According to my friends, you're one of the most awkward looking guys they've ever seen.

Skinny as all get out. Around 6 feet tall. Can't match clothing for the life of you. Bad skin. Heavy brows and close-together eyes. Giant ears and hook nose. Unfortunate hair cut. More like a comic book character than anything.

But when I look, all I see is the quick wit in your deep brown eyes, your contagious smile, and the way your hair sticks up just a little in the back of your head. I used to pat it down all the time. I see your golden skin and your confidence and the way you can always seem to make people laugh.

Beautiful. Everything. Beautiful, beautiful, beautiful.

I love trying to count every single freckle on your arm.

I love the way you fix your hair after I mess it up.

I love how you try and convince me you aren't ticklish but I touch your armpit and you squeal like a little girl.

I love how proud you are when you shave and tell me to feel your cheeks and then every time you say "that's for you fi" while you rub the back of my hand on your face.

I love when you genuinely smile. Not for pictures, or when you're posing. But I catch you smiling with all your teeth every once in a while and when I asked you why you don't always smile like that you said you don't like your smile. Well I love it.

I love when you pretend like you're going to kiss me and then put your whole mouth over my nose and blow and it makes me snort. That will never ever ever fail to make me laugh.

I love you.

Forget the dirty talk, you just keep talking about how much you love Bach, because it's sexy as hell. 

When I first met you, I thought I hope that I don't mess this up because all I do is mess things up, but I never thought it would mess me up.

i'm in love with my best friend

i'm in love with her hair, long and curly and untamed, her light brown eyes, her unfaltering, possibly fake grin, her ivory skin and the few beauty marks lined on her body

i'm in love with her voice, her loud and obnoxious, sporadic laughter, the way she sounds when she cries, how she sighs, and how her singing gives me goosebumps

i'm in love with her words, her inflections, her strength in music and in simple lines on pages

i'm in love with the way she crumbles. she is my supernova, exploding, shining brighter than the sun ever could. she fades but she returns.

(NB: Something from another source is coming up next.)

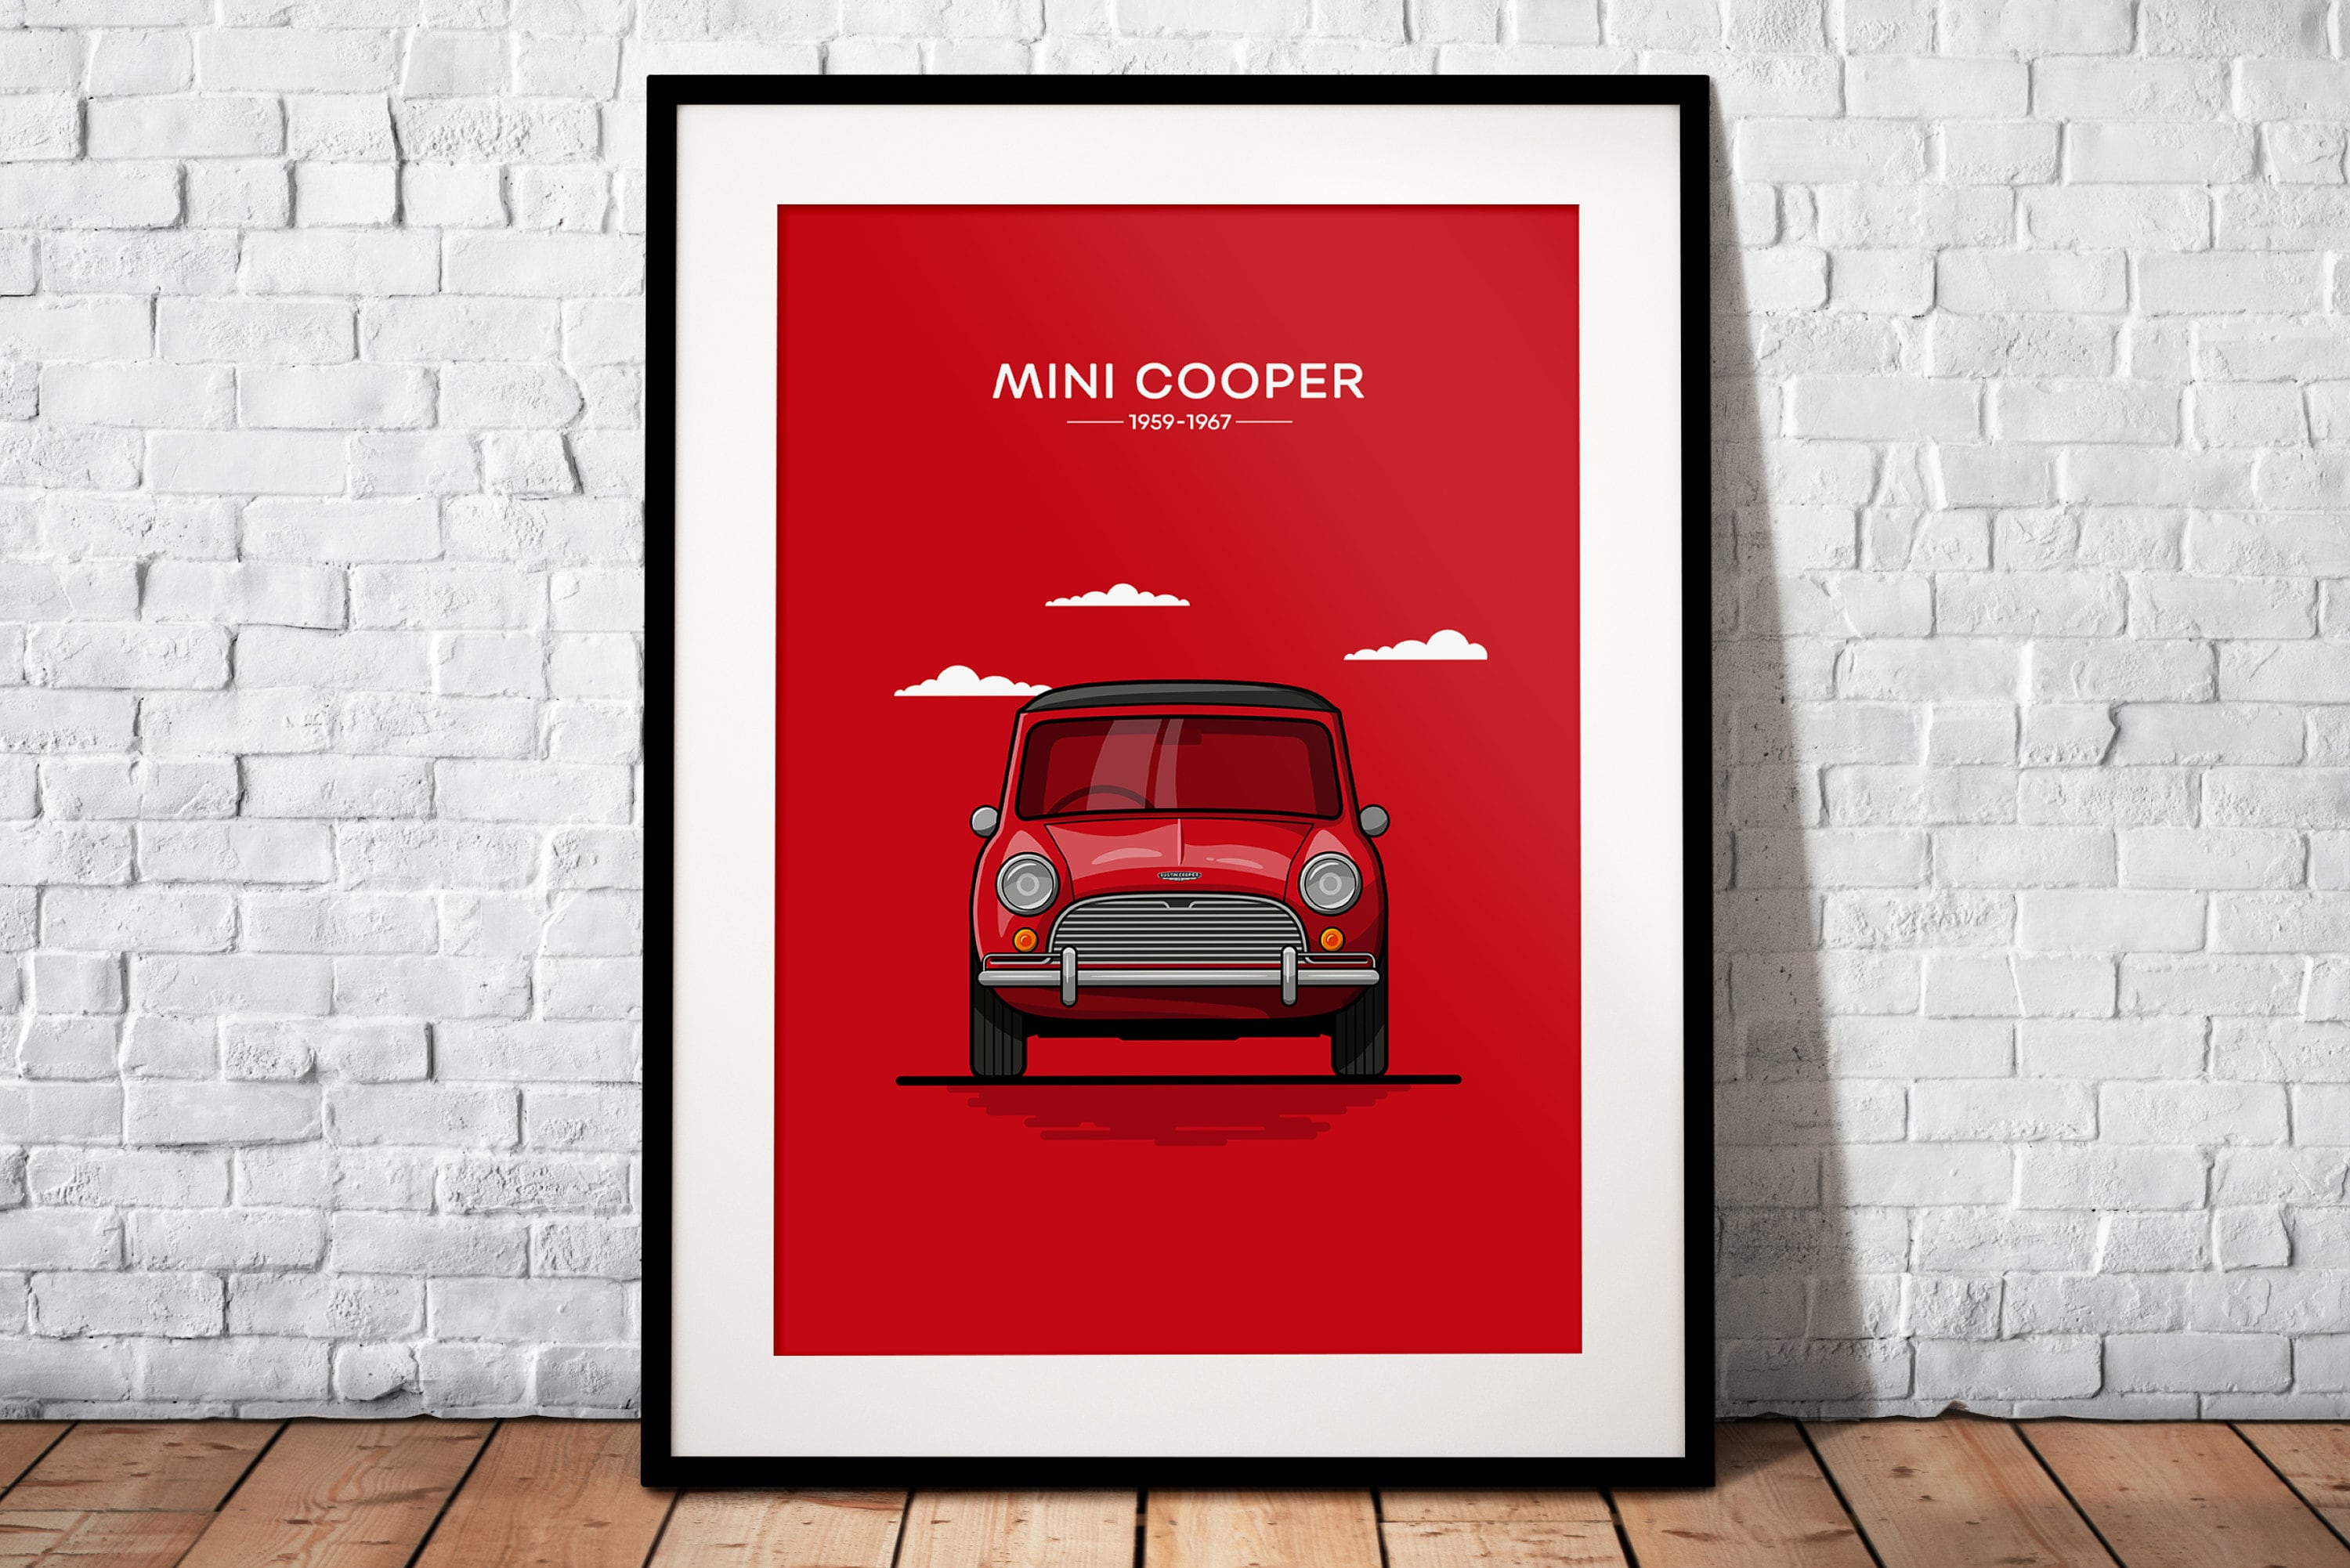 Mini cooper garage - .de
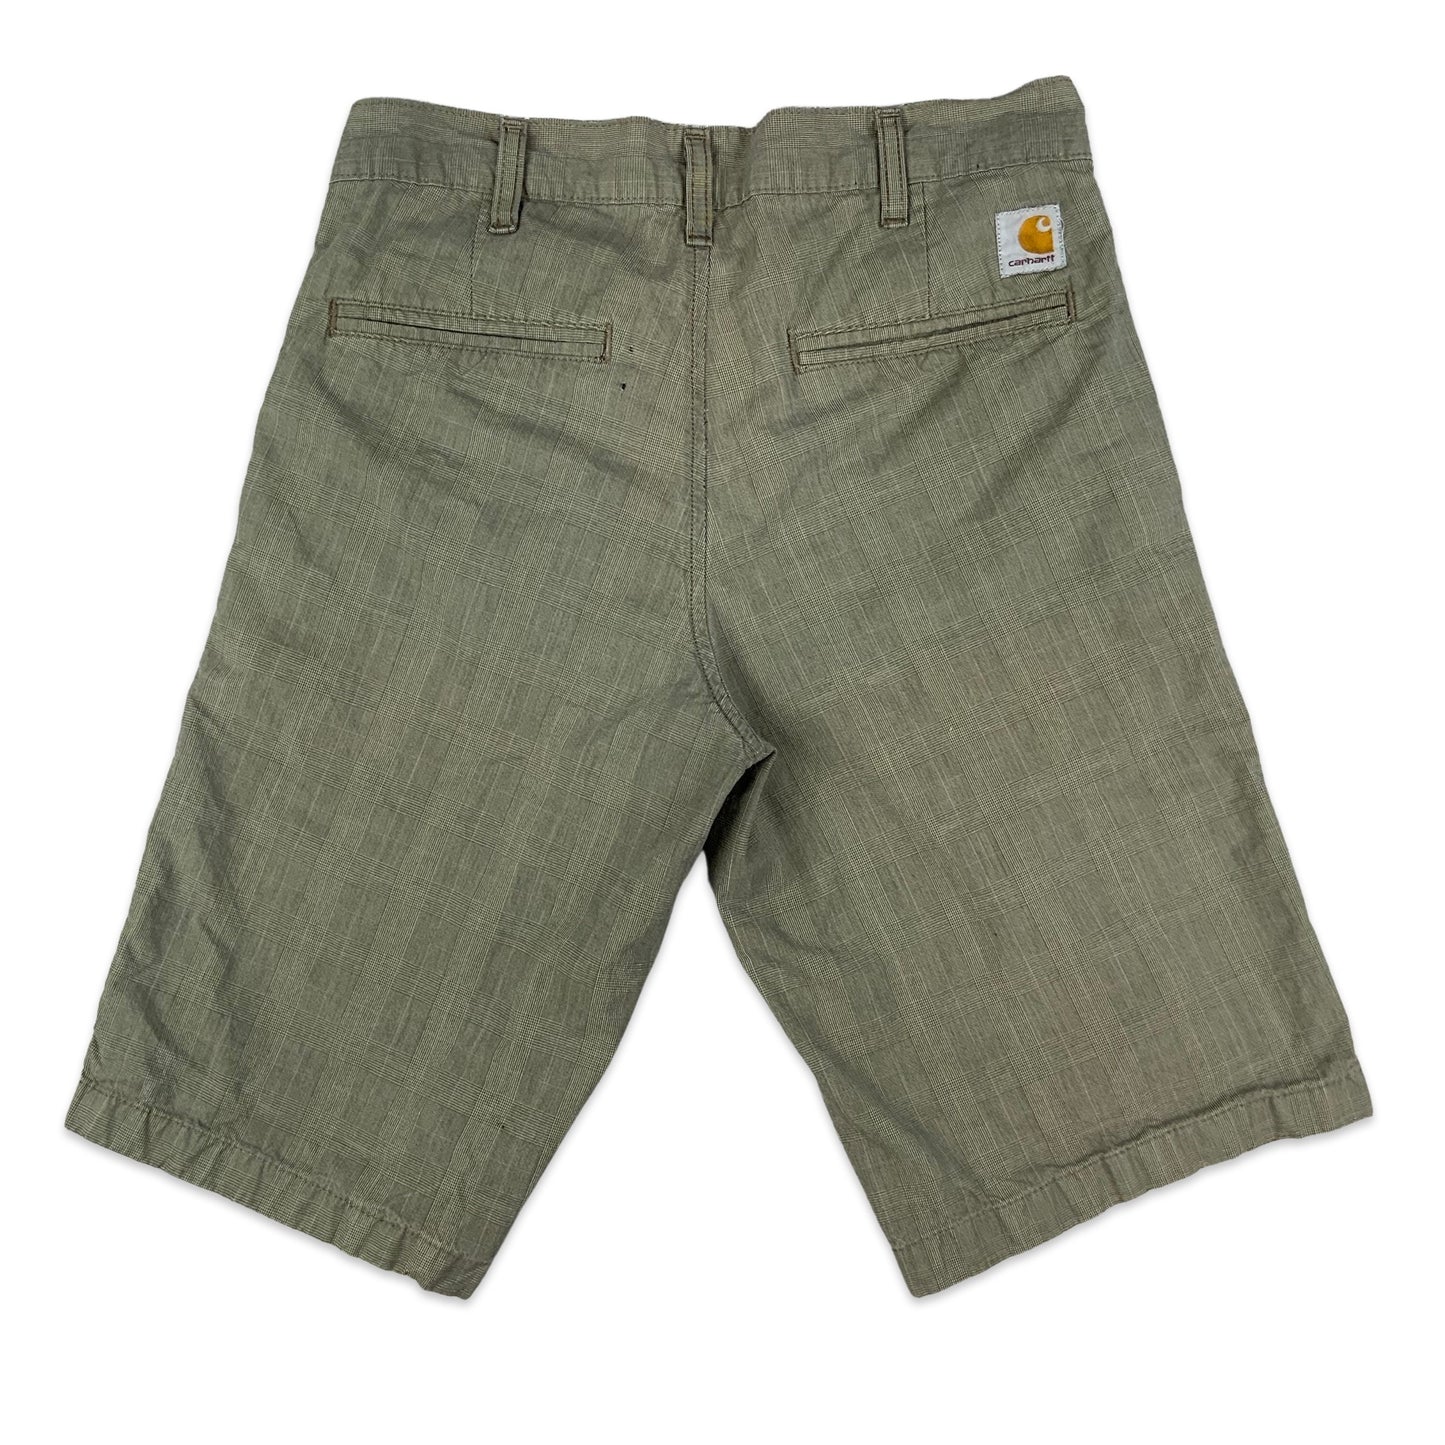 Vintage Khaki Plaid Carhartt Shorts XS S

i'm in love with the tears, her strange addictions, her long hands that once held me carefully

and though i can't have her now

the way she holds me in my dreams is enough to keep me grounded

-queen

Who needs math notes?
I'll just doodle your name over and over again.
That seems proactive.

I can't stop thinking about her; her hair, her eyes, her laugh. She accidentally put a spell on me, and she doesn't have a reversal. People say that 12 year olds can't love, but I know I love her. I stay awake at night thinking about her, I cry about how she isn't in my life at all. I can't stop looking at her, and when we talk, my stomach flutters like there are a million hummingbirds flying around in there. I write songs and poems about her, and all the stars in space, and all the grains of sand still cannot count my love for her. But what do I know? I'm only twelve.

I have a tendency to love things that I know are no good for me.

Coffee can sometimes make me literally double over in stomach pain, but I continue to drink without a second thought.

Junk food makes me feel like I'm drinking pitchers of grease, but I continue to eat without a second thought.

He makes me feel like I'm worshipping a brick wall, but I continue to love without a second thought. 

--artful--

A toast.

To the beautiful ones, the ones that I see in grocery stores, classrooms, sidewalks, buses, planes, waiting rooms, the world.
To all those unknowing souls that gave my heart a midnight fever and my head a run for its money.
To eyes and smiles and laughs that weren't meant for me but I hold onto regardless.
To the ones that turned my stomach into knots because they existed.
To the ones that someday will help remind me that I am beautiful, from my lips to all my secret parts that I don't so easily show the world.
To the one? If you are a passenger of brave, cruel world. I will be where I have always been.
To the ones who I love, to the ones who I will love, to the ones I loved.

Godspeed.
May your days be a blaze of glory without the fear of burning out.

-o

I've always settled for everything in my life. Where I'm going to live, who I live with, where I get my food, and who I'm friends with. My career choices, my life choices, almost everything had been decided to for me, and I've never had the chance to say anything in protest yet. It's even gotten to the point where most of the time I don't even care, because there's nothing I can do to stop it. But the one thing I had promised myself that I would never settle for was the man I was going to date. Who I put my lips on first will never be decided for me. Who I'll have my first time with will never be decided for me. Who I fall in love with will never be decided for me. That is the one thing I will always fight for when someone says different, and it will be the one thing I will make my own choice about. Now I've made my choice. And I chose you. Now I'm just waiting for you to choose me.